Unfazed by killing of two sarpanches, Jammu and Kashmir chief minister Omar Abdullah on Wednesday said that resignations by the grassroots representatives will not be accepted by the government and dared militants "to attack him to see the response".
"We have only received 50
resignations from panchs and sarpanches since last year. None have been accepted so far. The impression being given outside the state that Kashmir is going through massive upheaval and is simmering is wrong," said Omar, who hurriedly held a press conference in Srinagar in the wake of reports of mass resignations from public representatives.
Ruling out political rivalry behind these killings, Omar said, "Even last year, attempts were made to derail elections by militants. It was only after a huge number contested and participated in the polls that Salahuddin (Hizbul Mujahideen) distanced himself from the process. But separatists and militants are again out to derail the process meant for development."
But the chief minister was quick to add: "We never said that successful elections mean the Kashmir problem is over. These elections fought on a non-party basis are meant for development only."
Describing militants attacking public representatives as "cowards", Omar said, "Let them attack me instead of these unarmed people who are not doing any politics. They will not do that because they are aware of the response," he said.
The chief minister said a chargesheet has been filed against some people who attacked representatives in the past.

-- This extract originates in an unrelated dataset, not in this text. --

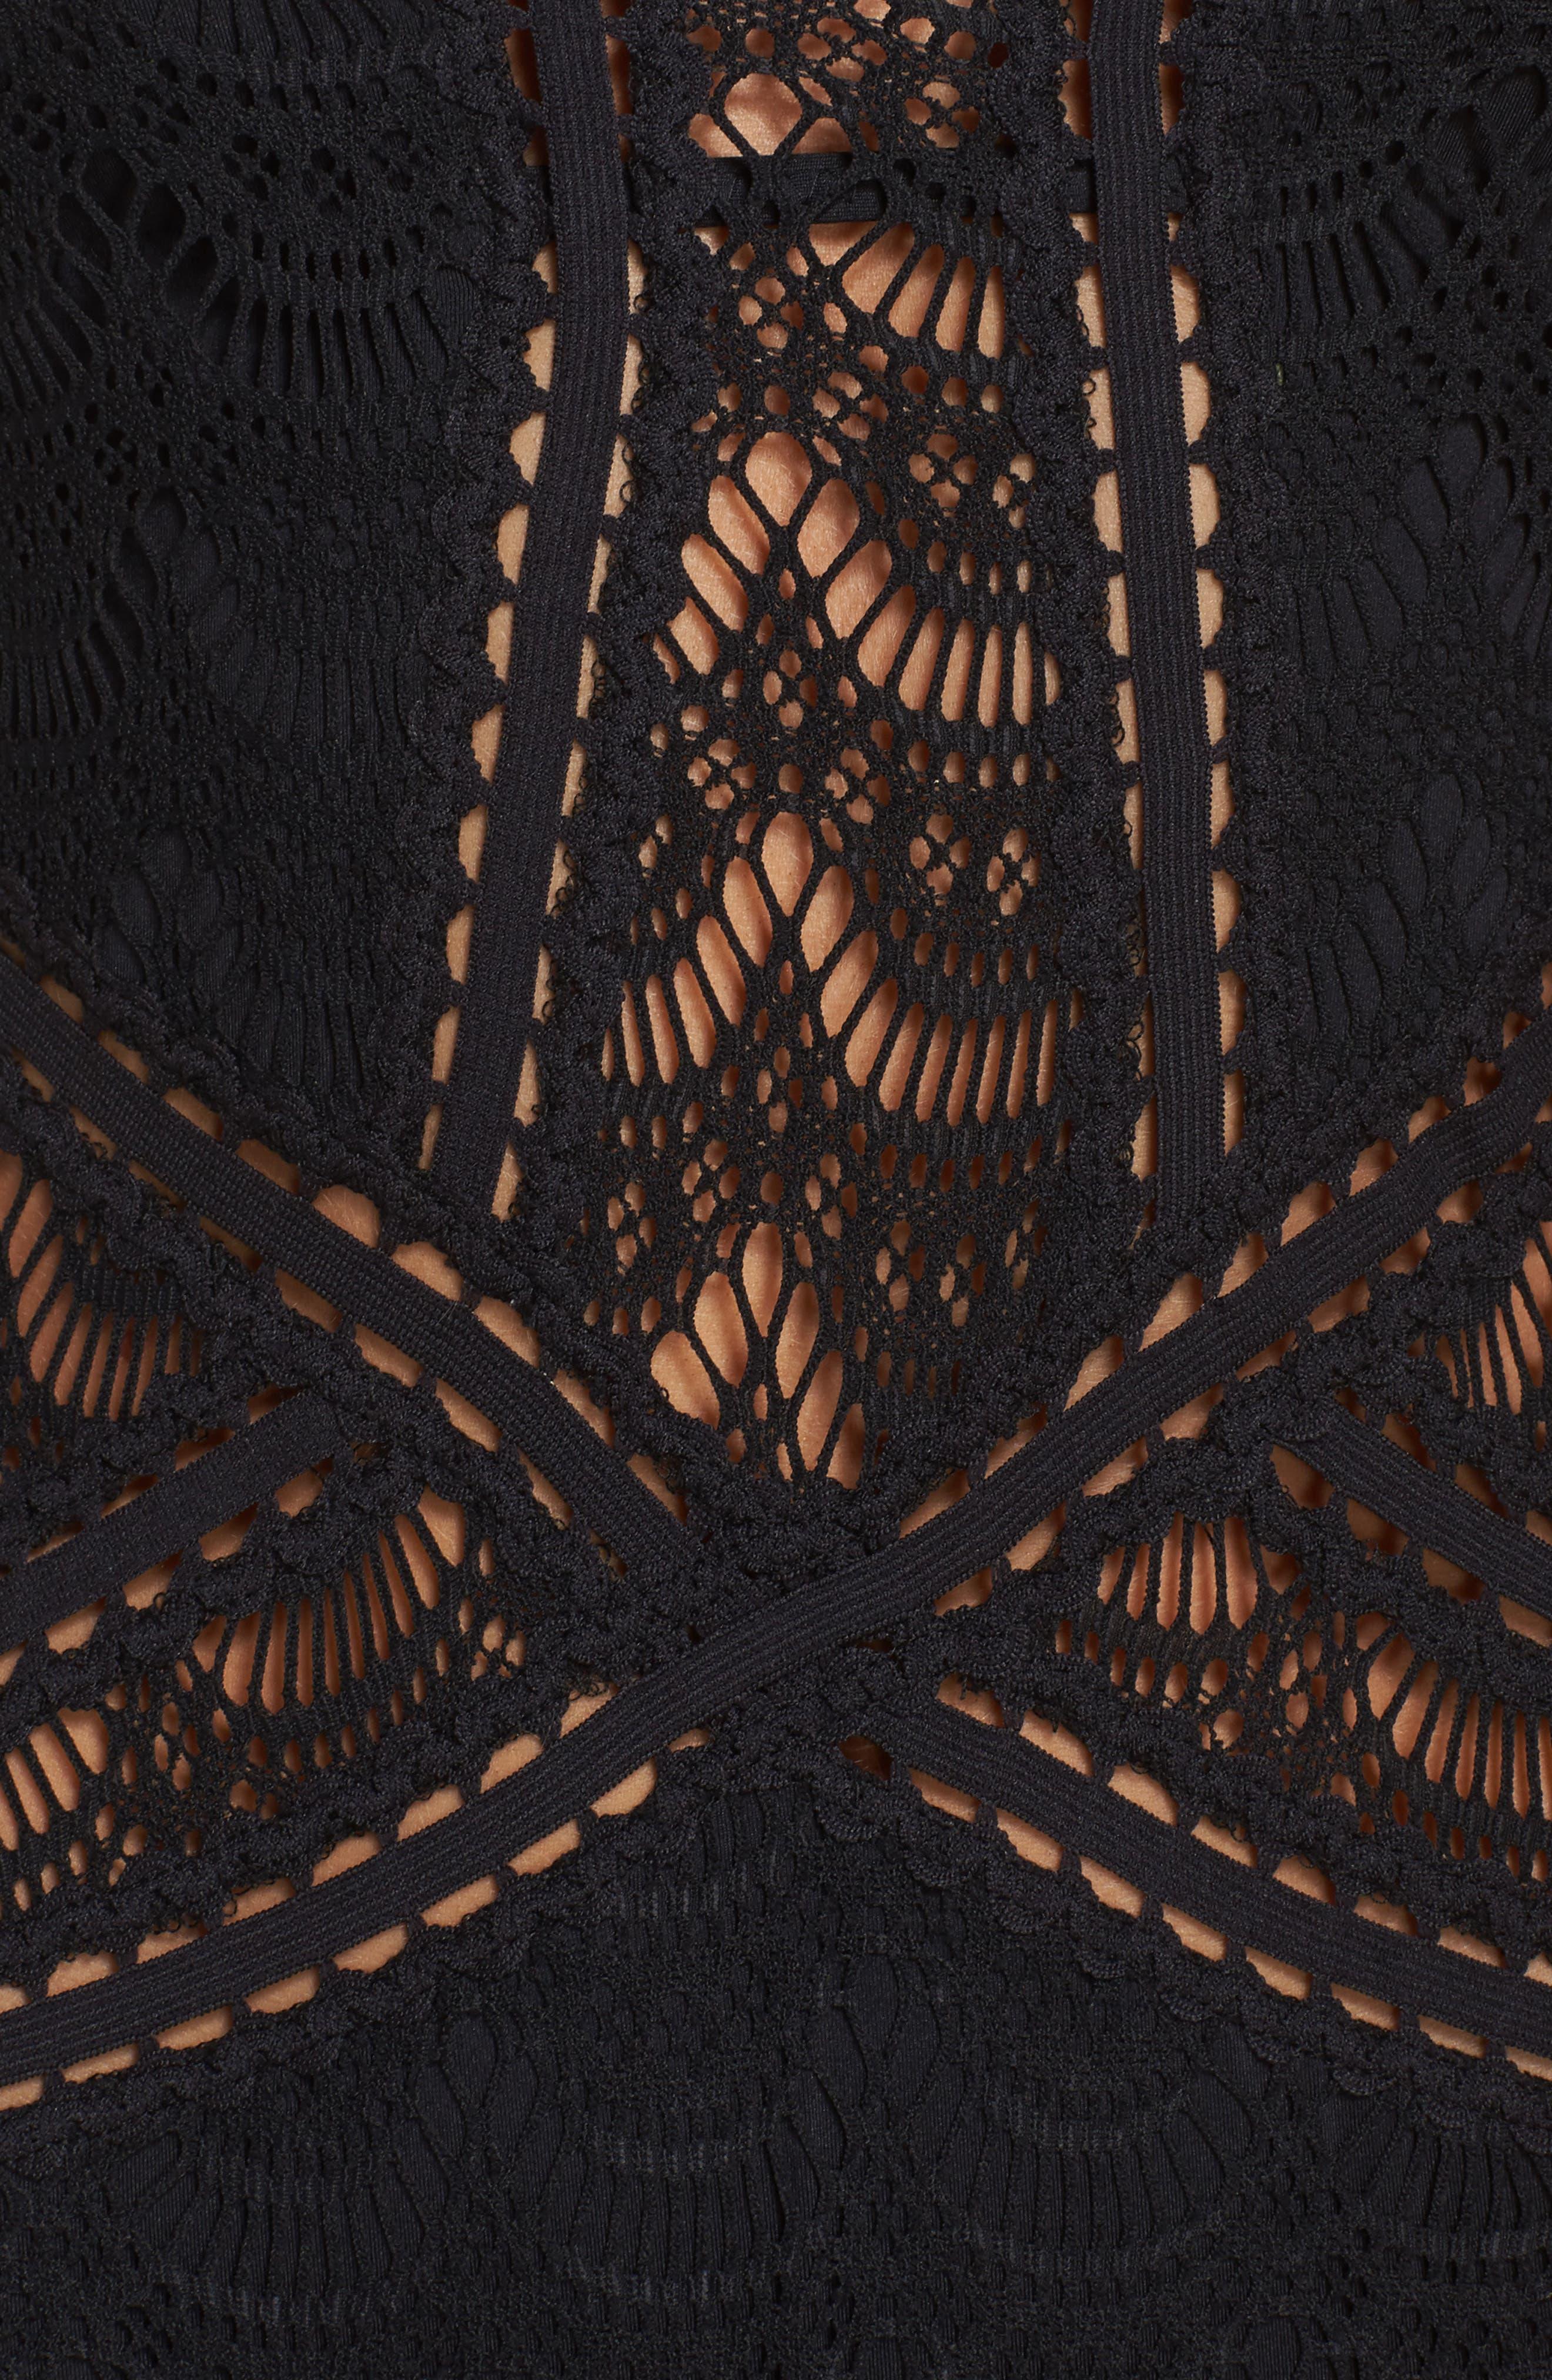 Crochet One-Piece Swimsuit,                             Alternate thumbnail 5, color,                             BLACK

"These are (militant) over-ground workers. But we have not arrested any militant or separatist in these cases so far."
In the wake of any mass resignations, Omar said "bi-elections will be held immediately".

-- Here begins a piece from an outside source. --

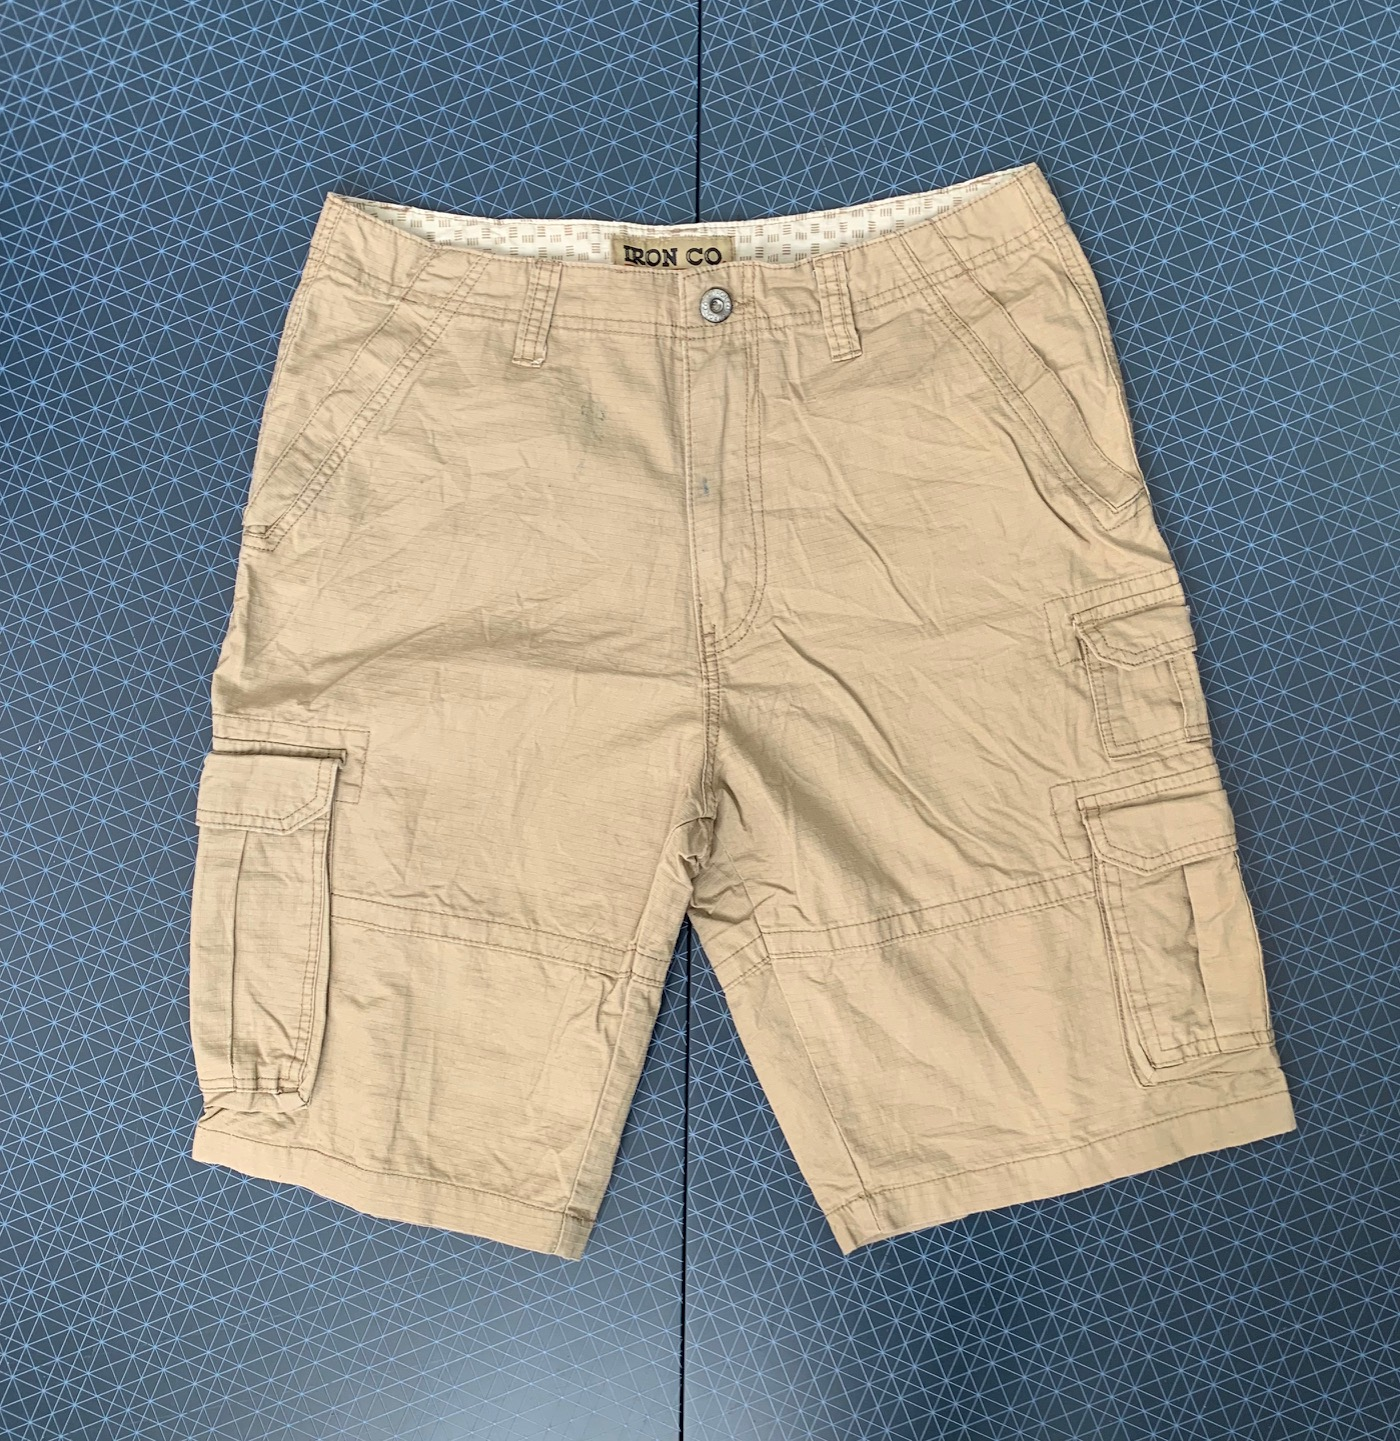 Мужские песочные шорты от IRON CO

"We are going to empower the panchayats. But we will face hurdle... We may not be able to provide security to all of them but a mechanism will be worked out soon to secure areas," said Omar.

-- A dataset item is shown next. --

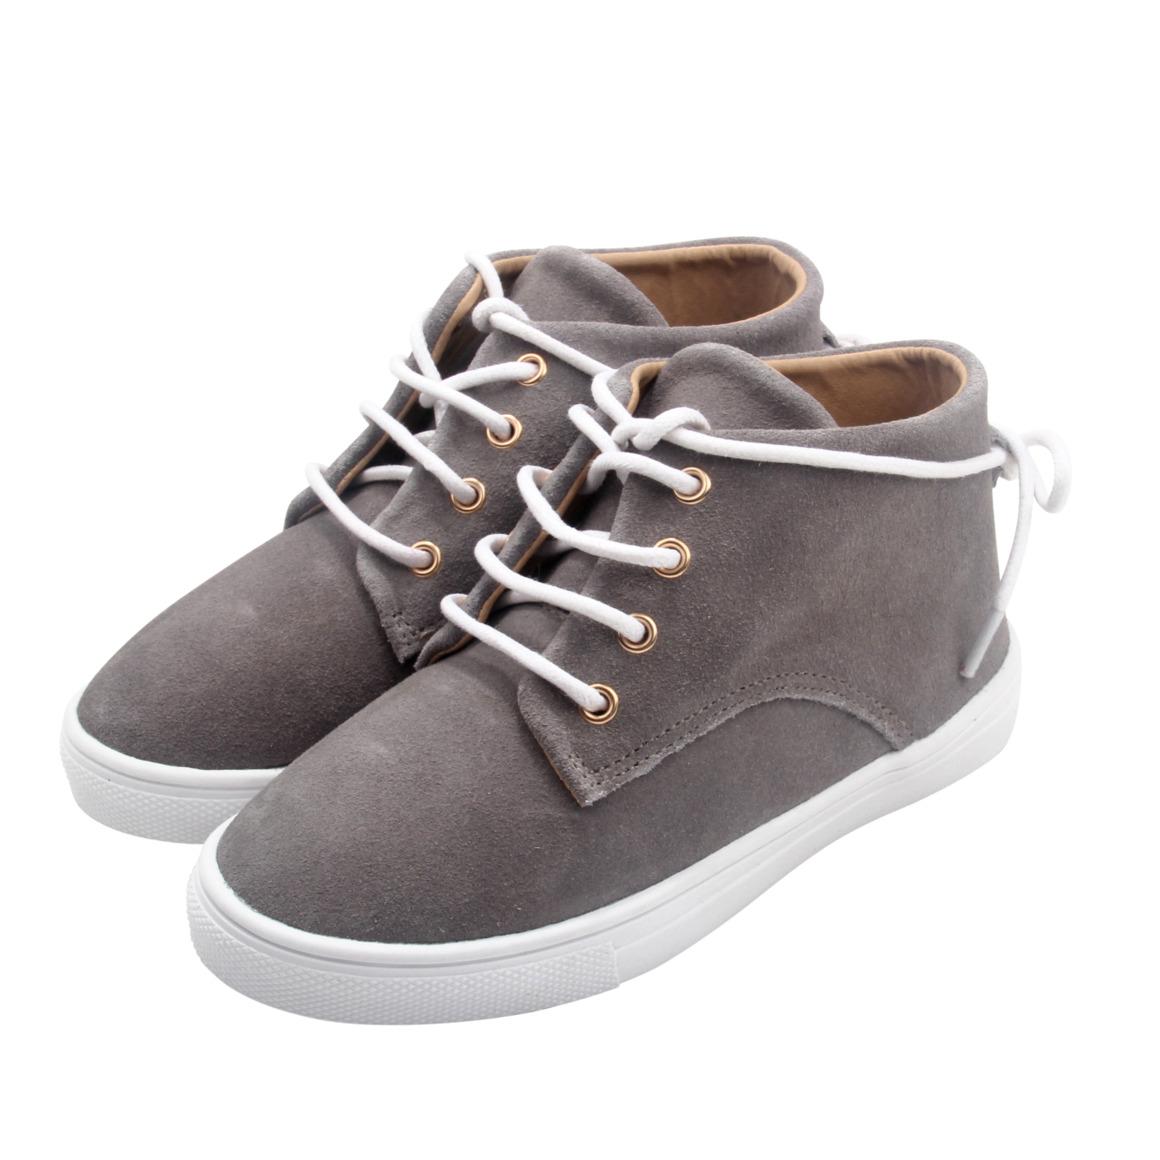 Gelato Collection -100% Suede - Grey | Trada Marketplace

"We will seek help of security forces to instill sense of security among public representatives".
Omar said besides militants, many other people who were defeated or could not contest polls, intend to derail the process.
Expressing unhappiness over coalition partner Congress' Jammu and Kashmir chief Saifuudin Soz's move to leak a letter to the media, Omar said: "I think such communications should have remained within us. But I want to share that all MLAs, including two Congress minister, asked me not to share all powers with panches at block level".
He set November as deadline for second and third tier polls.
Omar refused to consider 73rd amendment for J-K Panchayat Act as demanded by the Congress.
"We have our own constitution and if required will make amendments in the state assembly," he said.
Omar warned those who relate the latest killings with retaining Armed Forces Special Powers Act (AFSPA).
"It sounds opportunist. I want to make clear that level of militancy is not increasing. If there is any increase then those securing the hinterland (the army) need to explain why it is happening," he said.
Two sarpanches have been killed by suspected militants in the past two weeks, sparking mass resignations from the representatives through newspapers.
Around 34,000 such representatives were elected in the 2011 polls, held after three decades.